NICKY CASSELS AGAINST NEW ZEALAND RETAIL
NZ Retail is the magazine of the Retail Merchants Association of New Zealand.In-house advertisements published in the magazine were the subject of a complaint to the Advertising Standards Complaints Board (ASCB) by Nicky Cassels.
The way in which the magazine described the complaint in a subsequent issue became the subject of a further complaint by Nicky Cassels, this time to the Press Council, which deals with editorial content.
She is the director of Adjust Media, which publishes a competing retail magazine, CounterAction. She has previously sold advertising for NZ Retail.
Before addressing the Press Council complaint, it is necessary to outline a series of events related to the advertisement complaint:
- On April 24, 2001 the executive officer of the NZ Audit Bureau of Circulation, Hilary Souter, wrote to the managing editor of NZ Retail, Martin Craig, taking issue with in-house advertisements on its circulation and distribution that had appeared. She suggested the advertisements be reworded on the way it described itself and in the way it presented circulation figures.
- - On May 10 the Advertising Standards Complaints Board advised NZ Retail that it was the subject of a complaint by Nicky Cassels over an in-house advertisement (presumed to be one of those also identified by the Audit Bureau of Circulation.)
- - On May 18 the Chief Executive of the Retail Merchants Association, John Albertson, responded to the ASBC saying it had recently realised that the copy in the two advertisements ''was not entirely correct'' and they had been reworded for the June issue.
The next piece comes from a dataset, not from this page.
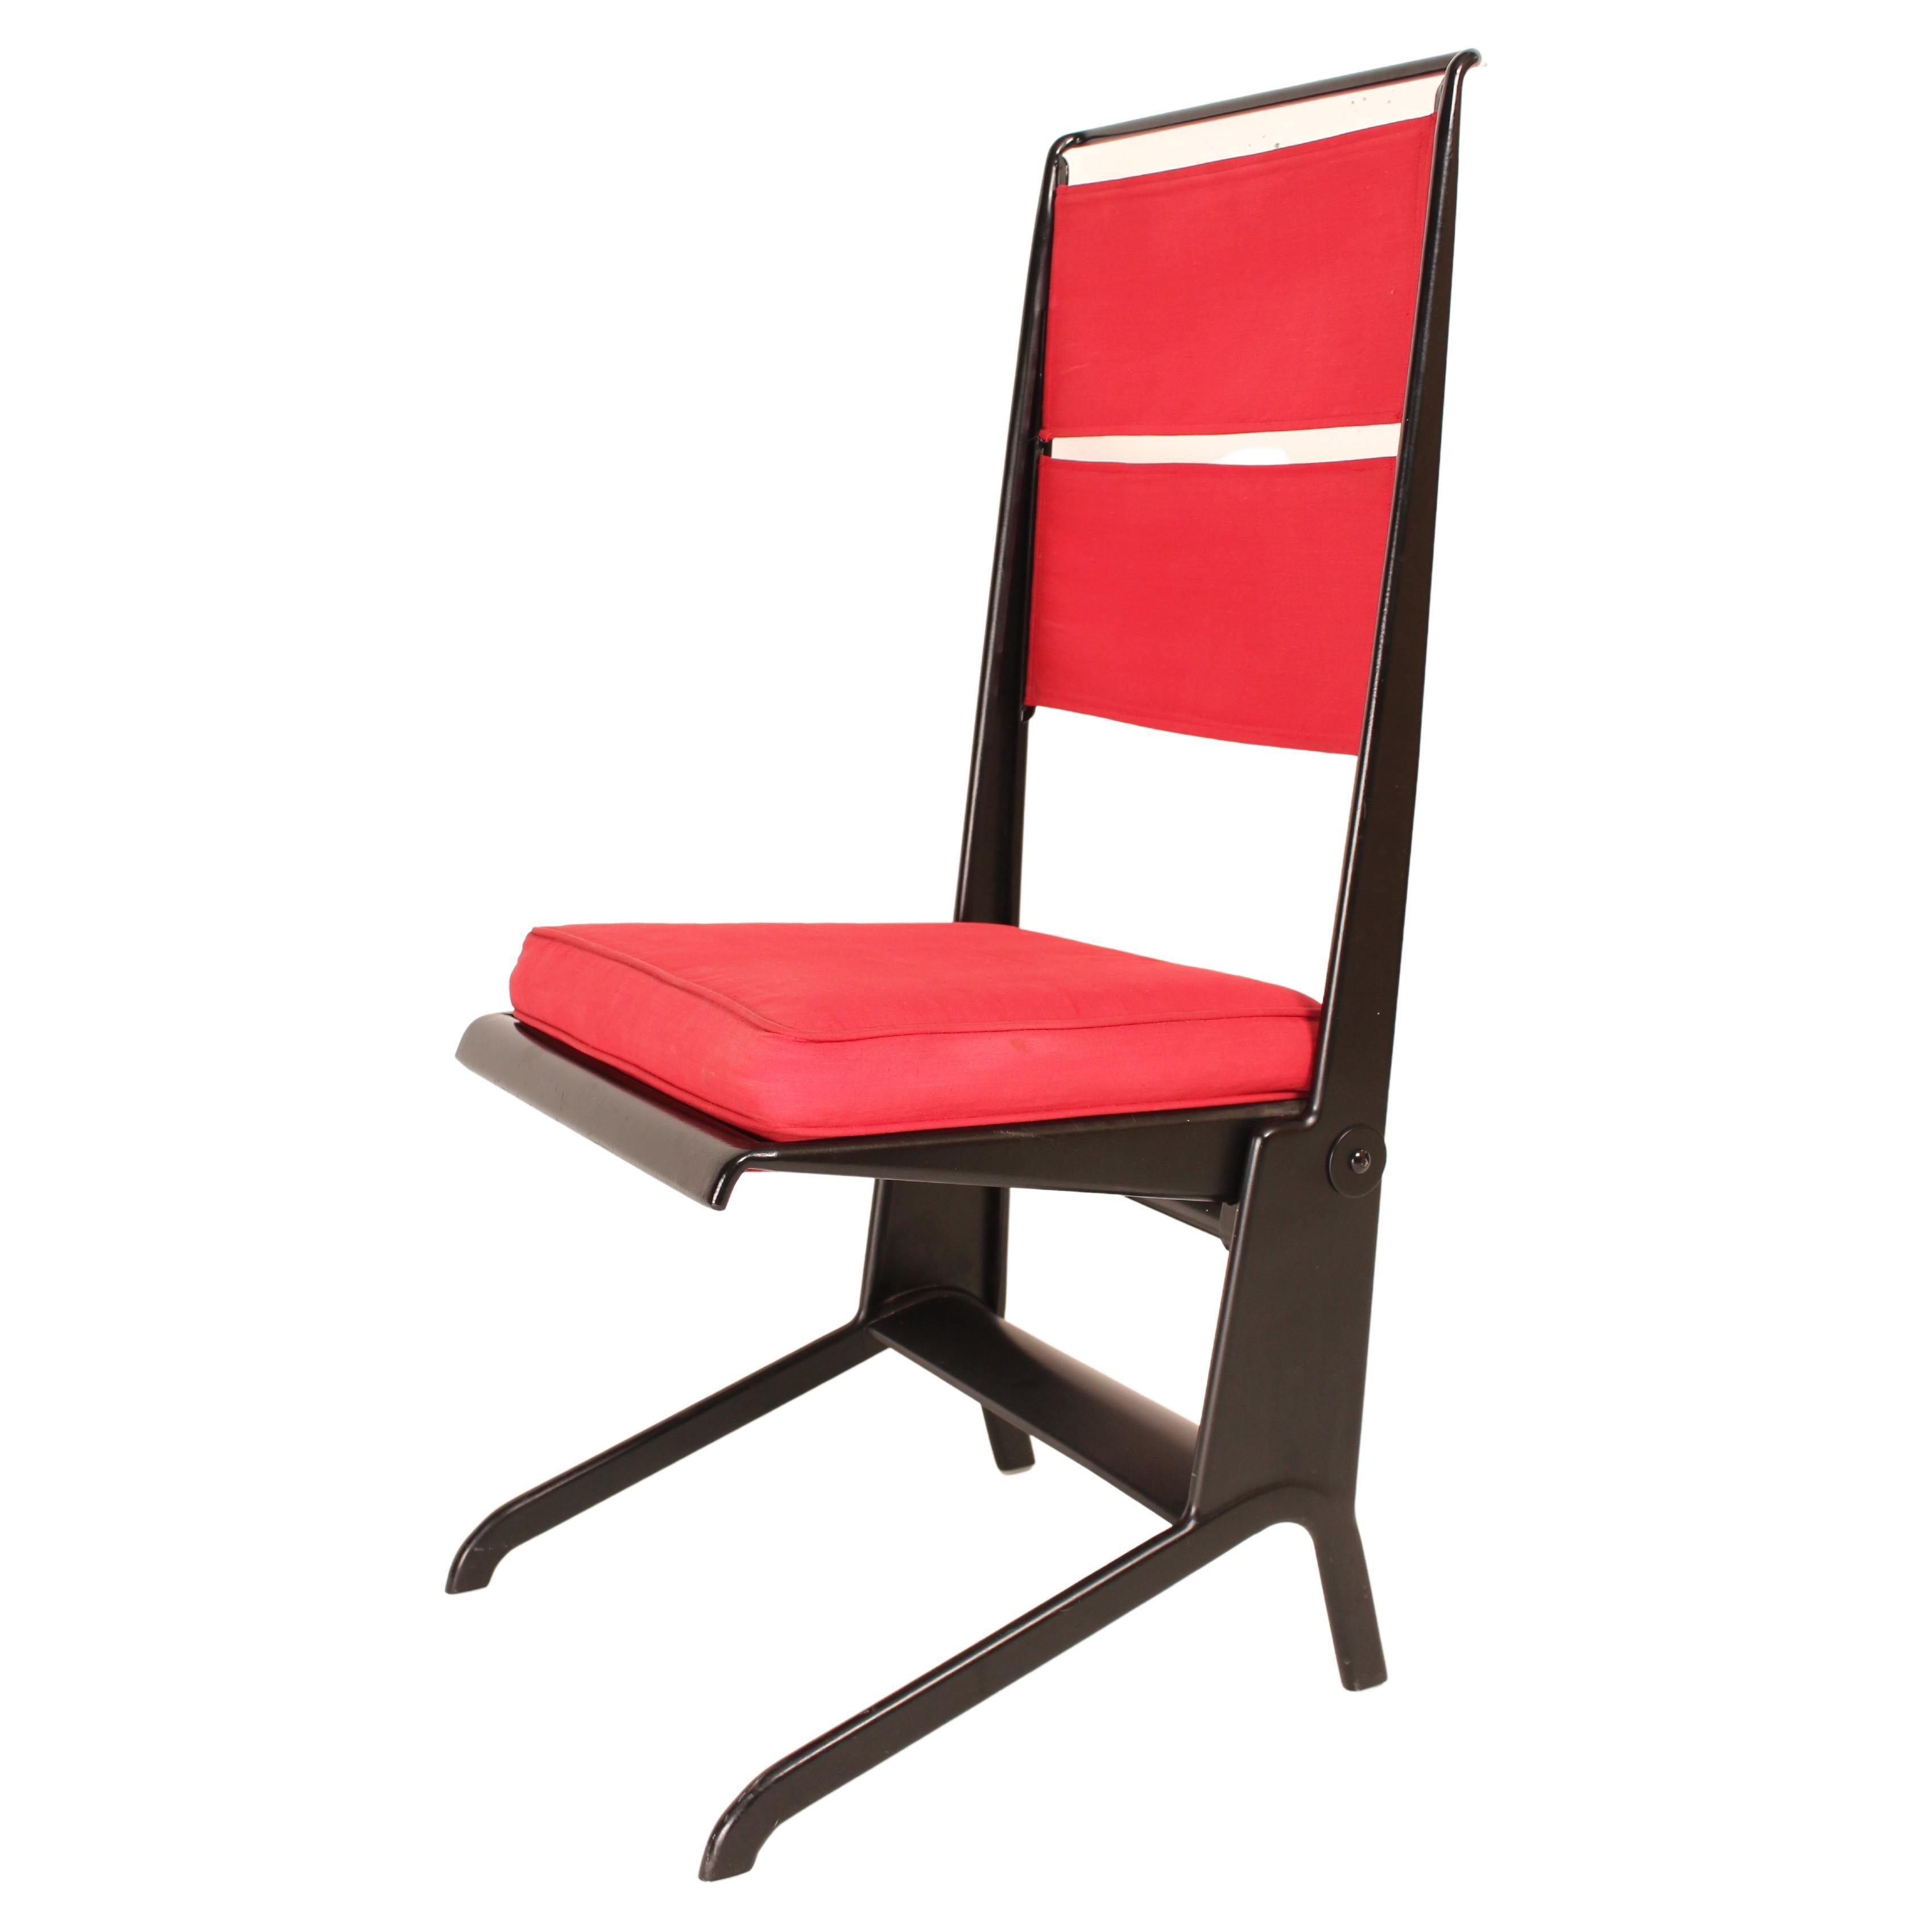 Chaise pliante Jean Prouvé Design/One 1930, fabriquée par Tecta, 1983
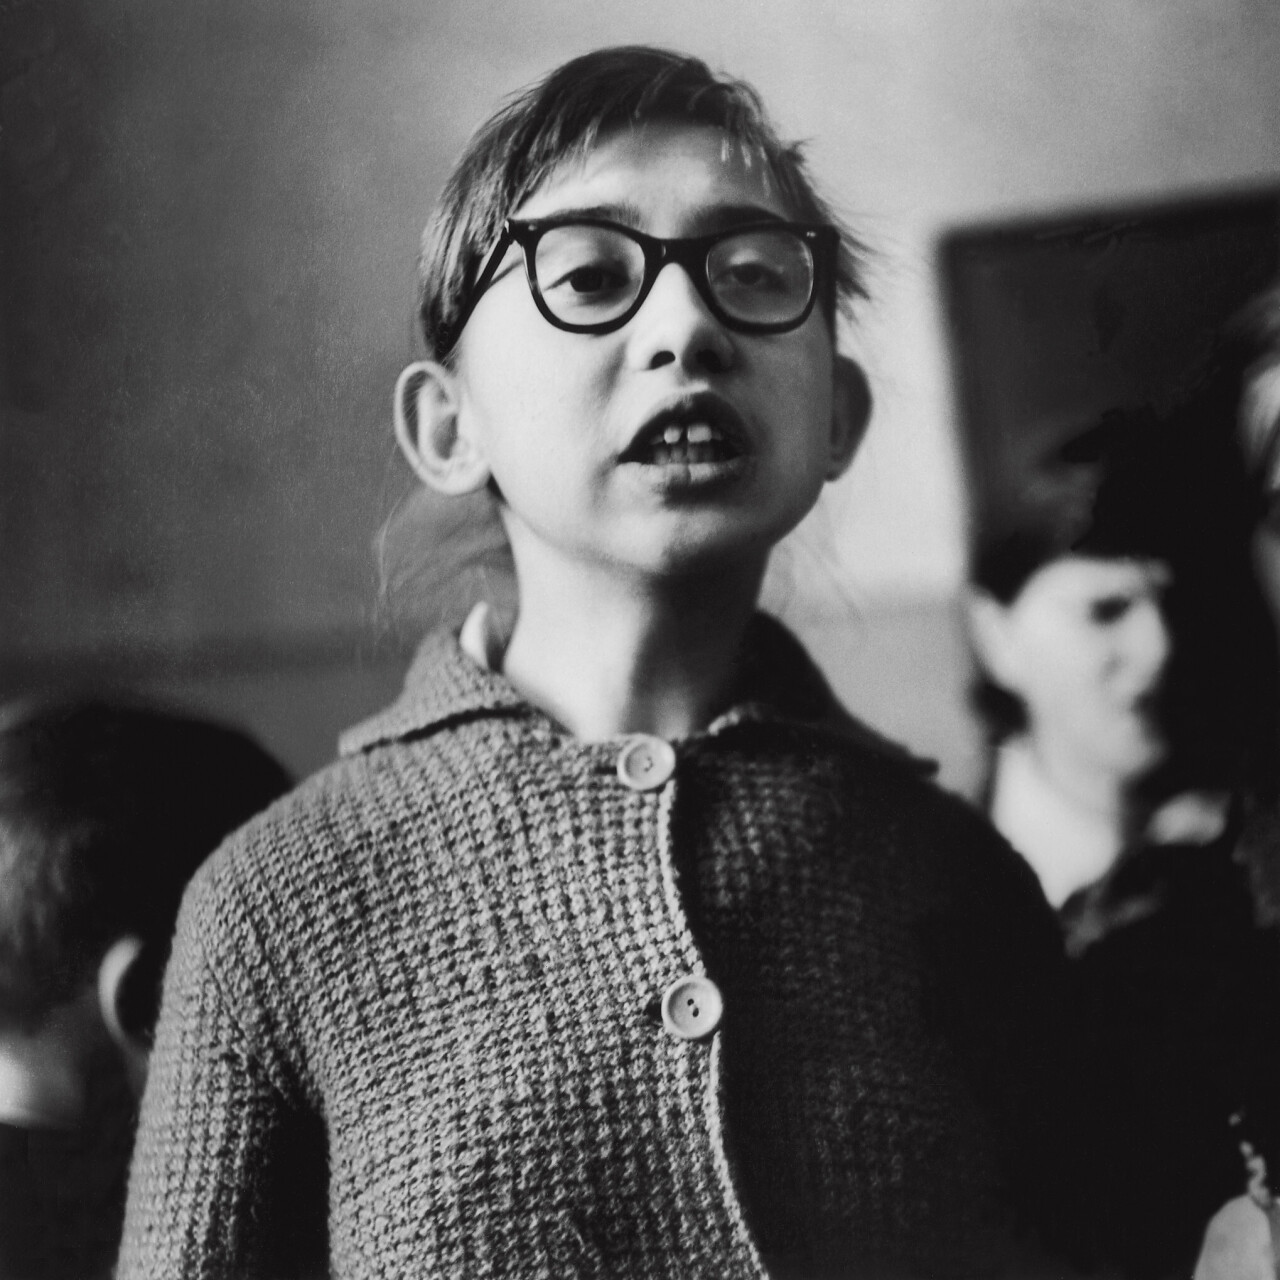 Школа для слепых детей, Песня, Каунас, 1962 год, фотограф Антанас Суткус

- - One June 25 the chairman of the Advertising Standards Complaints Board, Laurie Cameron, issued a decision on the Cassels complaint- namely that as the advertisements had been reworded, the matter had been ''resolved and could be regarded as settled.'' ''As the principles of self-regulation had been fulfilled it would serve no further purpose to place the matter before the board,'' his decision said.
The September issue of NZ Retail ran the following brief statement headed ''COMPLAINT AGAINST NZRETAIL REJECTED''
''The Advertising Standards Complaints Board has rejected a complaint against New Zealand Retail by Nicky Cassels [their emphasis] of Adjust Media. The complaint was made against the in-house ads published in NZ Retail itself. Adjust Media is the publisher of another retail periodical, Counteraction.''
Nicky Cassels’ complaint to the Advertising Standards Authority about this statement was referred to the Press Council. She claimed that the statement did not accurately reflect the finding of the ASCB and that it ''deliberately misleads and misinforms readers by omission of facts and published findings.''
She also objected to be being named as the complainant and having her name highlighted in bold. She said it portrays her in an unfavourable light and breached her privacy. She complained that in stating Adjust Media published another retail magazine was to imply malicious intent.
She also complained that a table of half-yearly circulation figures of retail publications run on the same page as the statement, with CounterAction (correctly) described as ''no audit received,'' was anti-competitive.
NZ Retail managing editor Martin Craig responded by saying he believed that while the actual wording of the ASCB chairman was not quoted in the newsbrief, he believed it was ''within the spirit of the decision.'' He said the matter had to be seen in context of the sequence of events, which he outlined as above.
''There was no negotiation between NZ Retail and the complainant or the ASBC,'' he said. ''The chairman, in the light of all the circumstances simply declined to put the matter before the board.''
The Press Council has no grounds for upholding a complaint about the publication of the circulation figures on the same page as the newsbrief. It is a perfectly acceptable competitive practice, not an anti-competitive one.
Nor are there any grounds for upholding a complaint on the basis that Nicky Cassels was named and highlighted in bold and that she was connected to a rival magazine. The name of the complainant was a relevant fact. But there are grounds for concern at the statement ''Complaint against NZ Retail rejected.”
The fact is that objections were made about the magazine's in-house ads by a professional body and the advertisements were subsequently corrected. That allowed the ASCB chairman to declare a similar complaint before him settled. To state that the complaint was rejected was wrong in fact and ''in spirit''.
The magazine acted properly and promptly on the letter it received from the NZ Audit Bureau of Circulation. Yet readers would have been misled into believing there had been no fault in the advertisements. NZ Retail misled by omitting the facts and making a statement that was not correct. That part of the complaint is upheld.